Modeling Differential Through-Silicon-Vias (TSVs) with Voltage Dependent and Nonlinear Capacitance

This paper proposes an equivalent lumped element model for the differential Through Silicon Vias (TSVs) with considering the effect of voltage dependent and nonlinear capacitance. The modeling and analysis of the differential signaling with TSVs play a critical role in designing the high performance TSV channel in the three dimensional integrated circuit (3D IC). TSVs have been mostly modeled assuming that the TSV metal insulator semiconductor (MIS) interface is not biased and the silicon substrate is a lossy, low conductive medium. Ignoring the semiconductor properties of the substrate and the resulting MOS capacitance introduce significant inaccuracies in the TSV modeling.
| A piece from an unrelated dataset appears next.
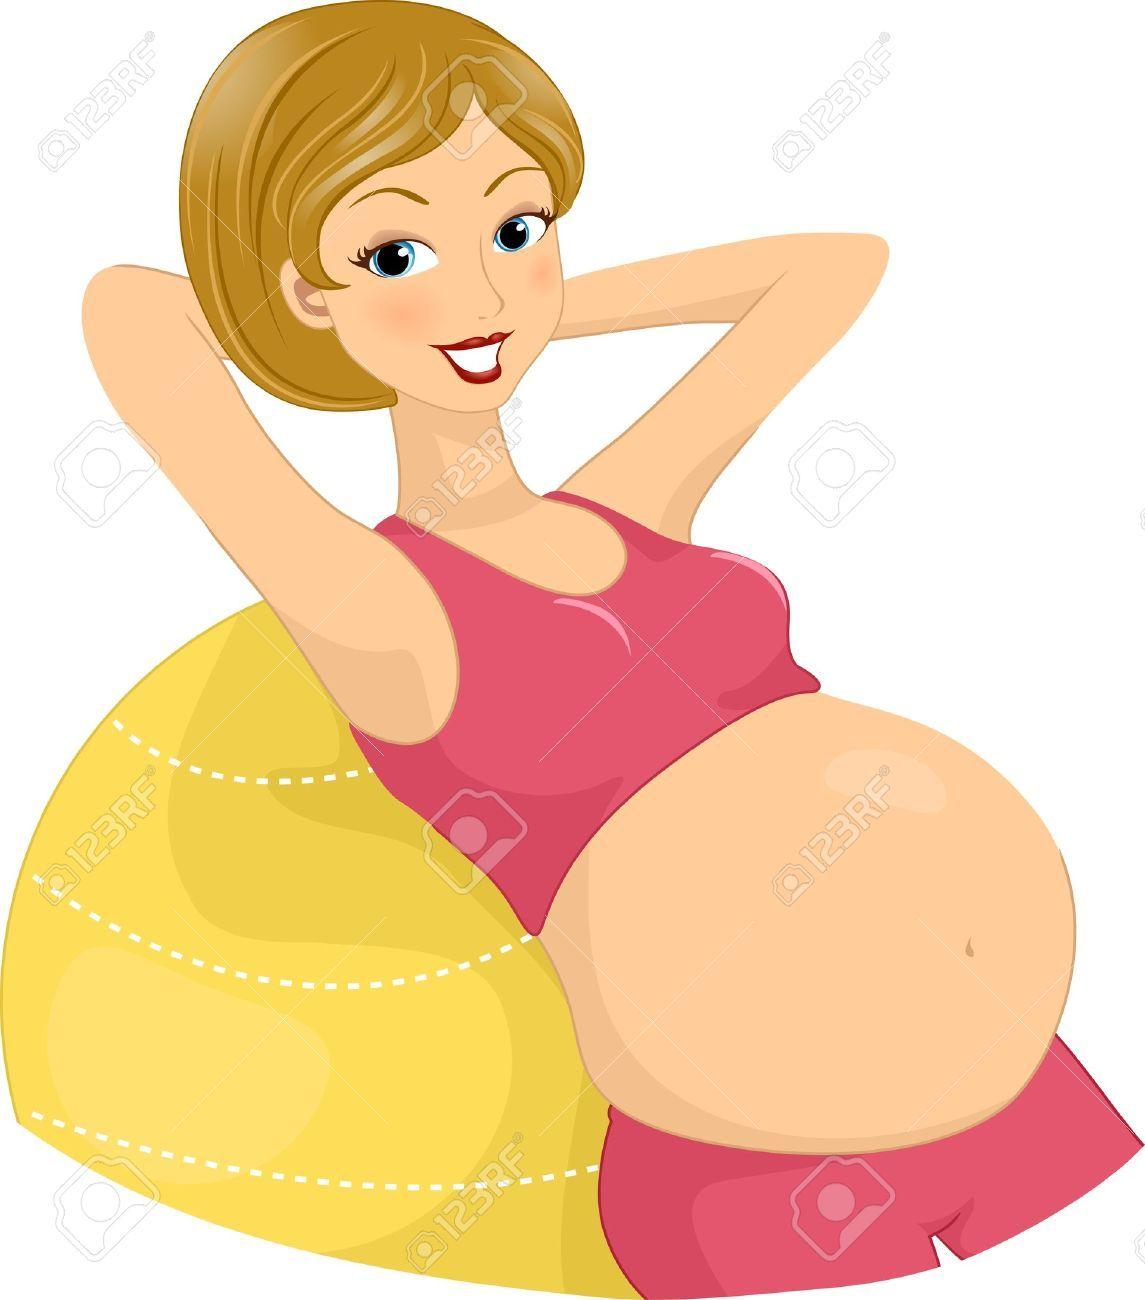 Ilustración de una mujer embarazada. | Mujer embarazada ...

In this paper, we investigate the complementary nature of differential signals which introduces a virtual ground and automatically biases the TSV MIS interface, causing carrier accumulation and depletion. Furthermore, the large digital signal swing makes the depletion region change the depletion width dynamically, which introduces a nonlinear and large signal TSV capacitance. The capacitance is modeled analytically and a new equivalent circuit model for the differential TSVs is proposed accordingly. The impact of the voltage dependent and nonlinear capacitance on the performance of high speed differential signals is analyzed through channel simulations with eye diagram approach.